» **TASK STATEMENT**
In the material below, find the line that contains "Women's Flannel Zipper" and the line that contains "Įsiutęs buvęs policininkas", then write out exactly those two lines and everything between them.
:: MATERIAL PROVIDED
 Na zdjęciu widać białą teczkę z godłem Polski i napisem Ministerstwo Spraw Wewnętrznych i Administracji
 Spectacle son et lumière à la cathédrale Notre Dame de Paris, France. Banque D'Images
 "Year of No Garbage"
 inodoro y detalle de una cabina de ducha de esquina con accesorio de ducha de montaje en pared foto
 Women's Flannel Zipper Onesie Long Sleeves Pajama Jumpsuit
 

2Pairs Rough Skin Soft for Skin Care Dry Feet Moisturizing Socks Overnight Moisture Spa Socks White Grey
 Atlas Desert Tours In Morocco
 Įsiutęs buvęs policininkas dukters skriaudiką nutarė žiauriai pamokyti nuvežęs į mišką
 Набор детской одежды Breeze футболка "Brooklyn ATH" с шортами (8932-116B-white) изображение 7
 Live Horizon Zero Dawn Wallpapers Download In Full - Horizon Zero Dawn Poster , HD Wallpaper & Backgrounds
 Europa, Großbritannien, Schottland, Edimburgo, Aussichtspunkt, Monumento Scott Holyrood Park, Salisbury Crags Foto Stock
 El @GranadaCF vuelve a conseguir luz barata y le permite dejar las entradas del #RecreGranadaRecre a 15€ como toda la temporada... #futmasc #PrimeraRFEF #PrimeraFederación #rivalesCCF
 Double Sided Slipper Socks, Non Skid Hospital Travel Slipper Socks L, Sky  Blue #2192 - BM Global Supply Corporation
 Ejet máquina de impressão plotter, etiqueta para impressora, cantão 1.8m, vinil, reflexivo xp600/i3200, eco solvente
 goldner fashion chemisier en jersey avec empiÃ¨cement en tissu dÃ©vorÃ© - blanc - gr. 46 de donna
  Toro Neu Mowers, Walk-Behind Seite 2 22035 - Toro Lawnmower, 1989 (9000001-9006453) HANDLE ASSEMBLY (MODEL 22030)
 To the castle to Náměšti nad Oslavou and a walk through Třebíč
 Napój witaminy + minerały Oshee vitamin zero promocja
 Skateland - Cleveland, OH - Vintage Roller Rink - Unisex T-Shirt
::::
» **RESPONSE TO THIS EXERCISE**
 Women's Flannel Zipper Onesie Long Sleeves Pajama Jumpsuit
 

2Pairs Rough Skin Soft for Skin Care Dry Feet Moisturizing Socks Overnight Moisture Spa Socks White Grey
 Atlas Desert Tours In Morocco
 Įsiutęs buvęs policininkas dukters skriaudiką nutarė žiauriai pamokyti nuvežęs į mišką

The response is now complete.